Class: TfIdf

Inherits:

Object

Object
TfIdf

Defined in:: lib/tf-idf.rb

Overview

Tf-idf class implementing en.wikipedia.org/wiki/Tf-idf.

The library constructs an IDF corpus and stopword list either from documents specified by the client, or by reading from input files. It computes IDF for a specified term based on the corpus, or generates keywords ordered by tf-idf for a specified document.

Constant Summary collapse

DEFAULT_IDF =

1.5

Instance Attribute Summary collapse

#idf_default ⇒ Float

The default value returned when a term is not found in the tf-idf corpus.
#num_docs ⇒ Integer

The total number of documents in the tf-idf corpus.
#stopwords ⇒ Array<String>

An array of stopwords.
#term_num_docs ⇒ Hash<String, Integer>

A histogram of terms and their term frequency.

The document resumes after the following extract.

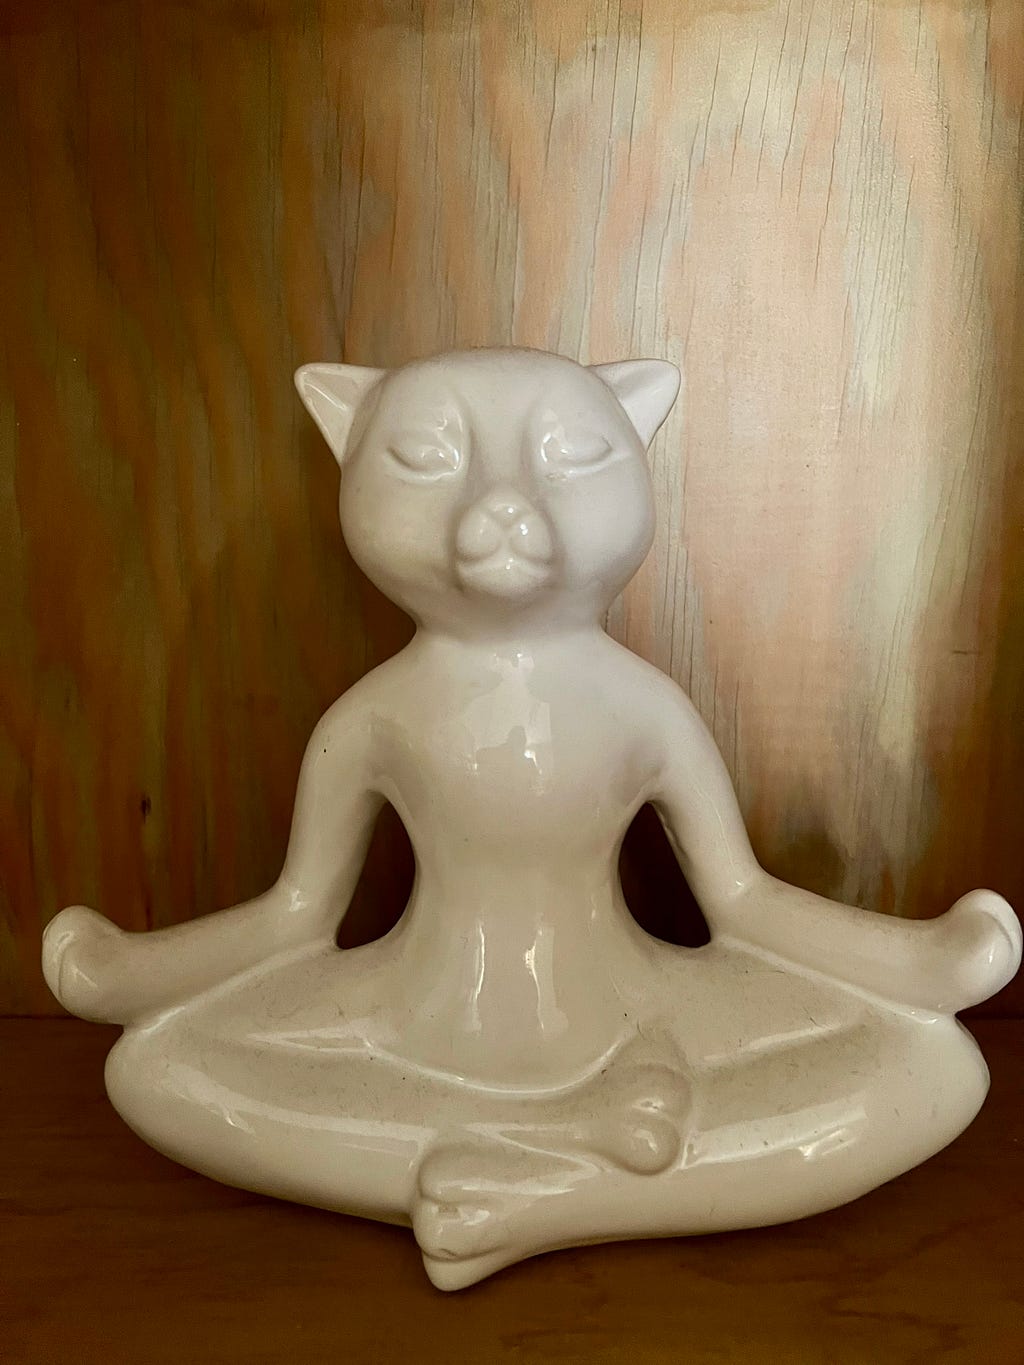 A porcelain white cat statue.

Class Method Summary collapse

.from_corpus(corpus_filename, default_idf = DEFAULT_IDF) ⇒ TfIdf

Convenience method for creating a TfIdf instance.

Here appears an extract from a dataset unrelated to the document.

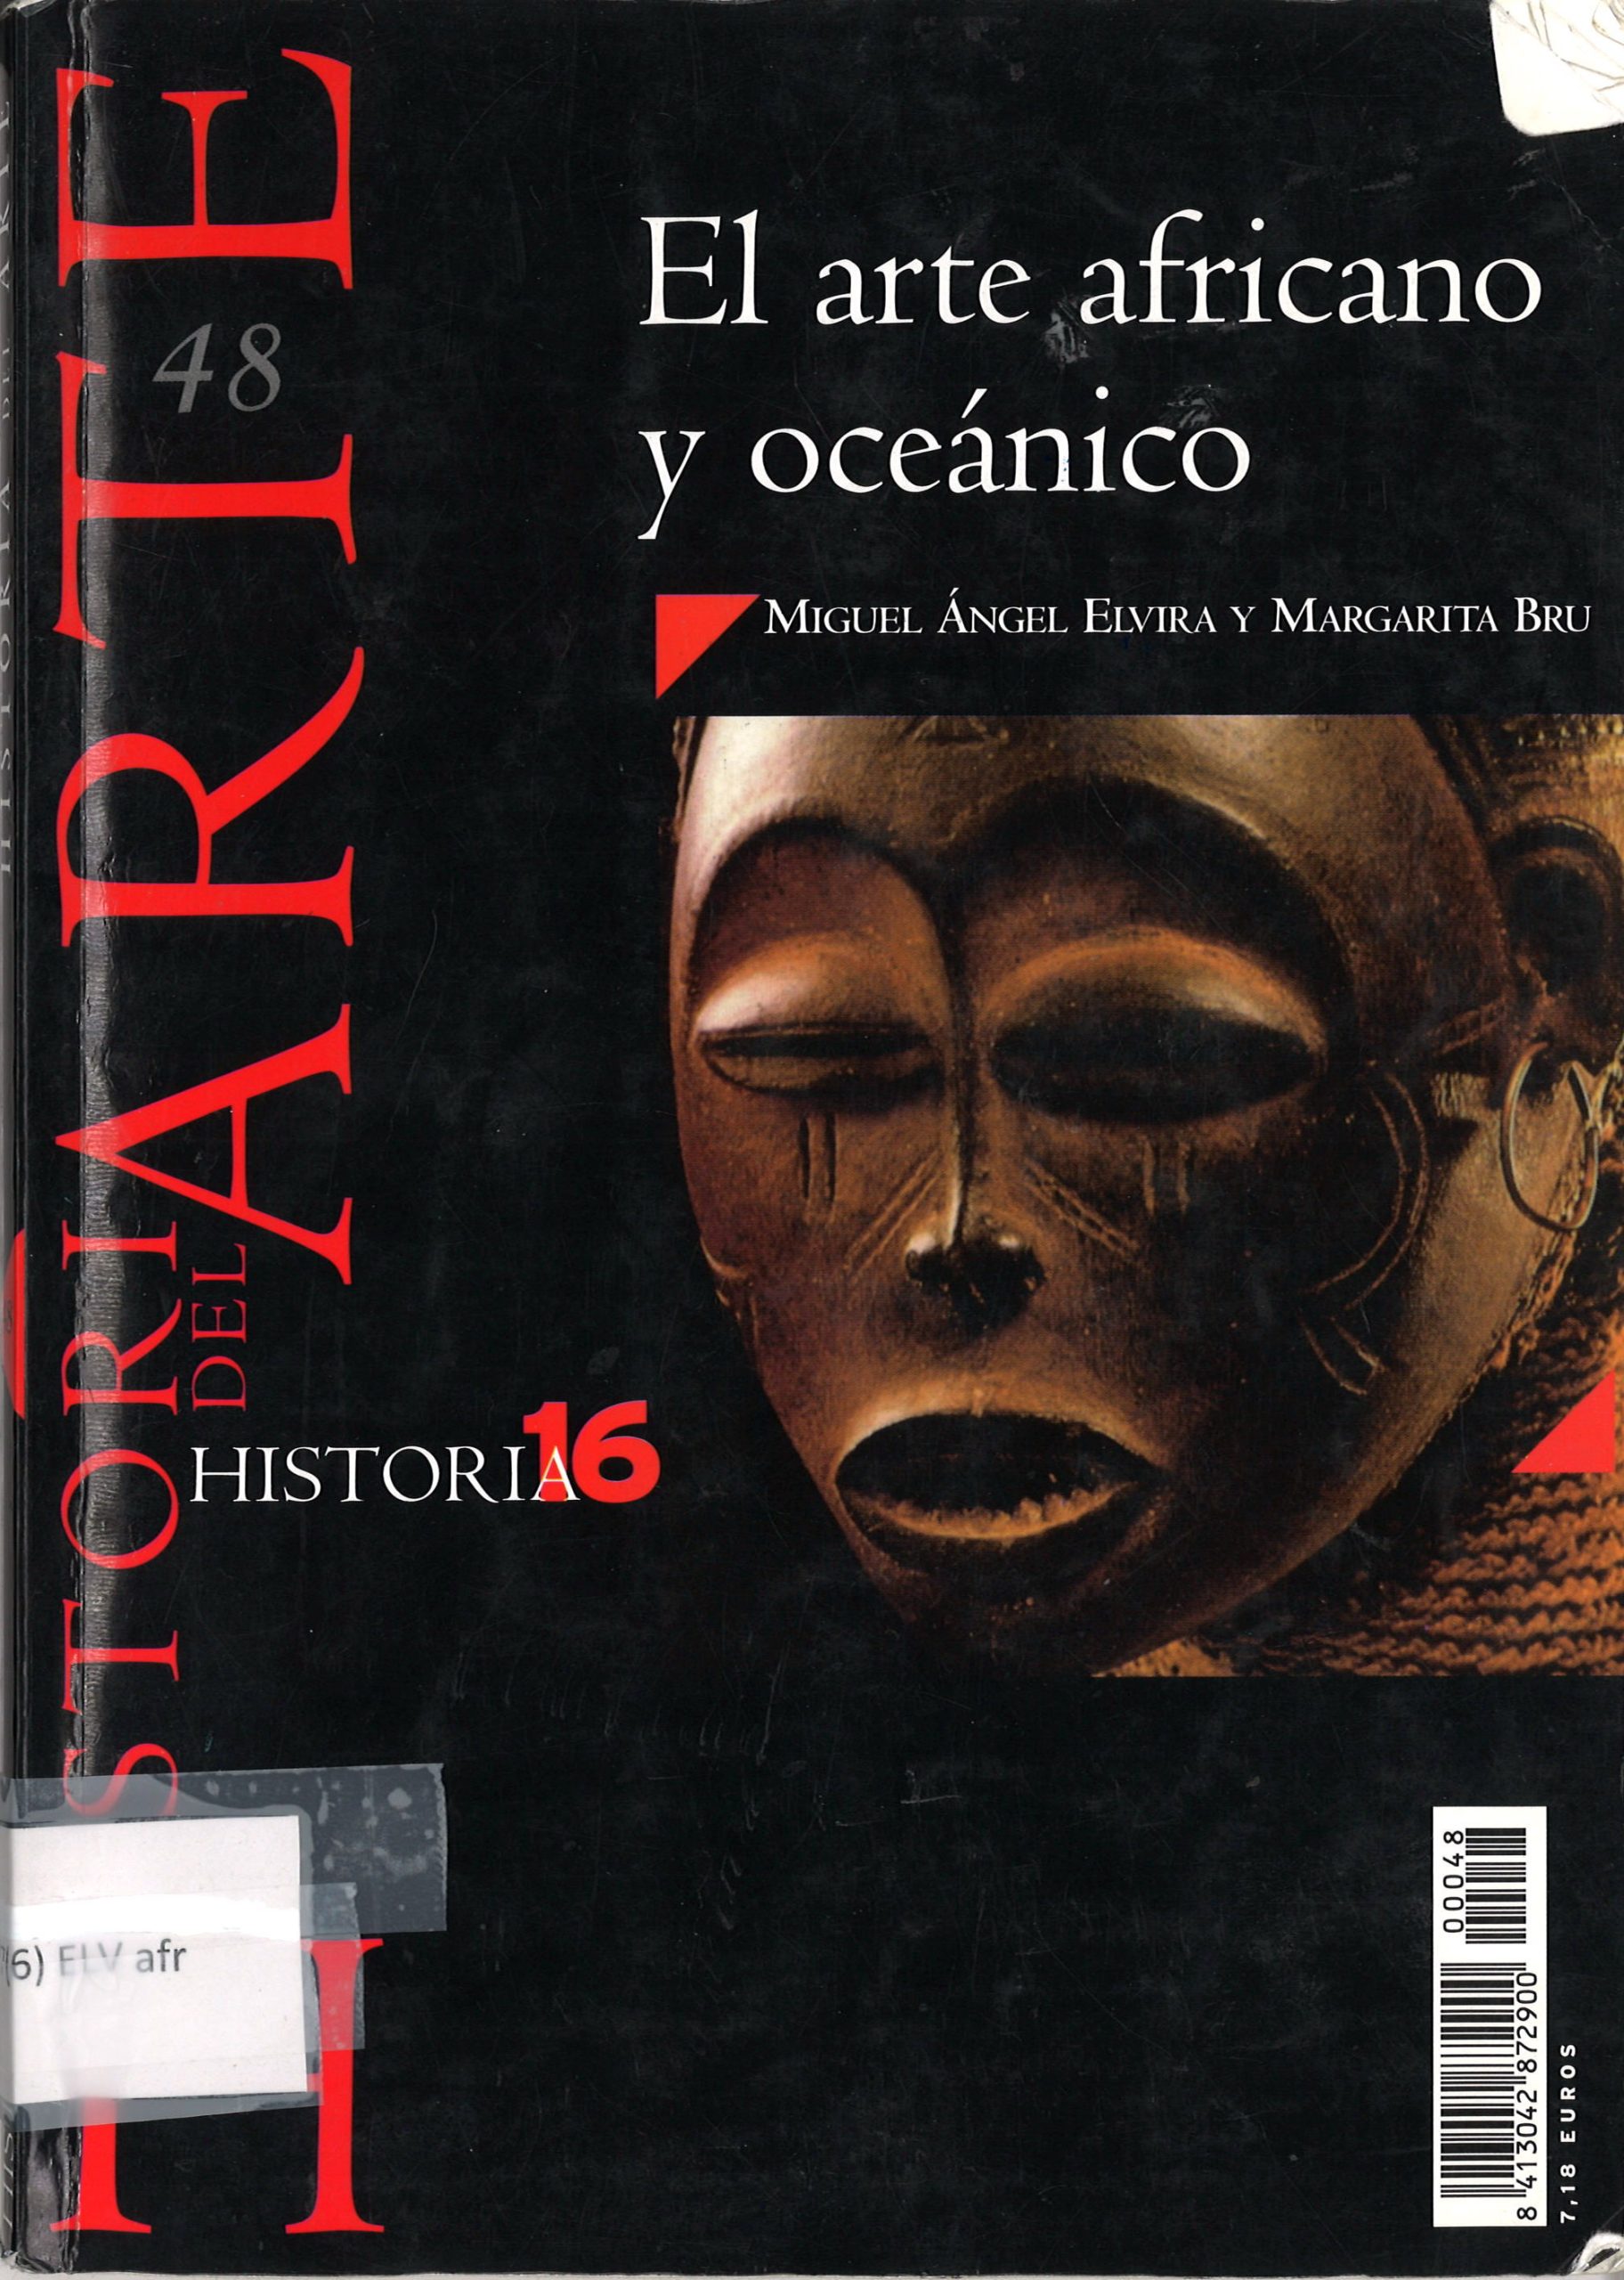 El arte africano y oceánico - Miguel Ángel Elvira y Margarita Bru-image

Instance Method Summary collapse

#add_input_document(input) ⇒ Object

Add terms in the specified document to the IDF corpus.
#doc_keywords(curr_doc) ⇒ Array

Retrieve terms and corresponding tf-idf for the specified document.
#get_tokens(input) ⇒ Array<String>

Breaks a string into tokens.
#idf(term) ⇒ Float

Retrieves the IDF for the specified term.
#initialize(corpus_filename = nil, stopword_filename = nil, default_idf = DEFAULT_IDF) ⇒ TfIdf constructor

Initialize the tf-idf dictionary.
#save_corpus_to_file(idf_filename, stopword_filename, stopword_percentage_threshold = 0.01) ⇒ Object

Saves the tf-idf corpus and stopword list to the specified file.
#sort_by_tfidf(tfidf) ⇒ Array<Array<String, Float>>

Sorts terms by decreasing tf-idf.
#to_s ⇒ String

Returns a string representation of the tf-idf corpus.

Constructor Details

#initialize(corpus_filename = nil, stopword_filename = nil, default_idf = DEFAULT_IDF) ⇒ `TfIdf`

Initialize the tf-idf dictionary.

If a corpus file is supplied, reads the idf dictionary from it, in the format of:

# of total documents
term: # of documents containing the term

If a stopword file is specified, reads the stopword list from it, in the format of one stopword per line.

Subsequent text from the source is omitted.